◆ **Records provided**:

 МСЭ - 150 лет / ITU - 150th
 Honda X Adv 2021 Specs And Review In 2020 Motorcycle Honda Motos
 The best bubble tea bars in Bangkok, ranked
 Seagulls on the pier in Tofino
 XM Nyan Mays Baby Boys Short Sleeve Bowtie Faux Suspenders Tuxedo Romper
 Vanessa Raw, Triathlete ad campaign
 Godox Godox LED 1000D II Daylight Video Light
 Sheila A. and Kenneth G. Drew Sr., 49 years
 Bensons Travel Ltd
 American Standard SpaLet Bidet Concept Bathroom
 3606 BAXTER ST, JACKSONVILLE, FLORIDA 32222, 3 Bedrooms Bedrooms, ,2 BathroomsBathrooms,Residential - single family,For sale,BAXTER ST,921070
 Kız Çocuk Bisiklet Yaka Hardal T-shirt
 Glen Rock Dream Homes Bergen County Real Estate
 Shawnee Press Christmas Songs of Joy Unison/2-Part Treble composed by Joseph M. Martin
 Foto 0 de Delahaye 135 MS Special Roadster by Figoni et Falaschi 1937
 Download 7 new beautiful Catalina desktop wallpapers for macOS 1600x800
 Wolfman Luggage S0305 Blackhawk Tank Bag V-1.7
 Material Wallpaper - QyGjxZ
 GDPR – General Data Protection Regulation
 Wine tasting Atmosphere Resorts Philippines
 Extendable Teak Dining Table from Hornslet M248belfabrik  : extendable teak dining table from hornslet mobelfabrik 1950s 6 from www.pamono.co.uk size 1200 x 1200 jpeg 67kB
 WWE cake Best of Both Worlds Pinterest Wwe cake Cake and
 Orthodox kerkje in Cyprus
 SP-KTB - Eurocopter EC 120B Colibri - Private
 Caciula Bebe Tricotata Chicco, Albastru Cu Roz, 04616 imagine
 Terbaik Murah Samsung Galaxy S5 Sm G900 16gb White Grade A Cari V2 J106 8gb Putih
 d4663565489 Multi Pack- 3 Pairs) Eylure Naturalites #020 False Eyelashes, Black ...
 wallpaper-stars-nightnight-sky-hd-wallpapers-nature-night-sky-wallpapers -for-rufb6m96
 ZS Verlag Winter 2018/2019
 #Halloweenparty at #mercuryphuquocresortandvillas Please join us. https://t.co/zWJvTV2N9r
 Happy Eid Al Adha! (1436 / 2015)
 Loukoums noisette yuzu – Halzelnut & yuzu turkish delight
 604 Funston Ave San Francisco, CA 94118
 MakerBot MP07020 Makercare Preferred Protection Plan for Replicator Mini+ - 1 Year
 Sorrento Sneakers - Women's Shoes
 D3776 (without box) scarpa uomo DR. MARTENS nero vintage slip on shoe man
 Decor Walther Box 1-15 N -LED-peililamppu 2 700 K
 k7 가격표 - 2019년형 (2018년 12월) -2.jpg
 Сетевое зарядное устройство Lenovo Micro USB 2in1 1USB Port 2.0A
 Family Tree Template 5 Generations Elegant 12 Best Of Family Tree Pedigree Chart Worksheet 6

◆ **What you should do**:
Please find, in the entries above, every line where "wallpapers" occurs, and copy it.

◆ **Answer to this task**:
 Download 7 new beautiful Catalina desktop wallpapers for macOS 1600x800
 wallpaper-stars-nightnight-sky-hd-wallpapers-nature-night-sky-wallpapers -for-rufb6m96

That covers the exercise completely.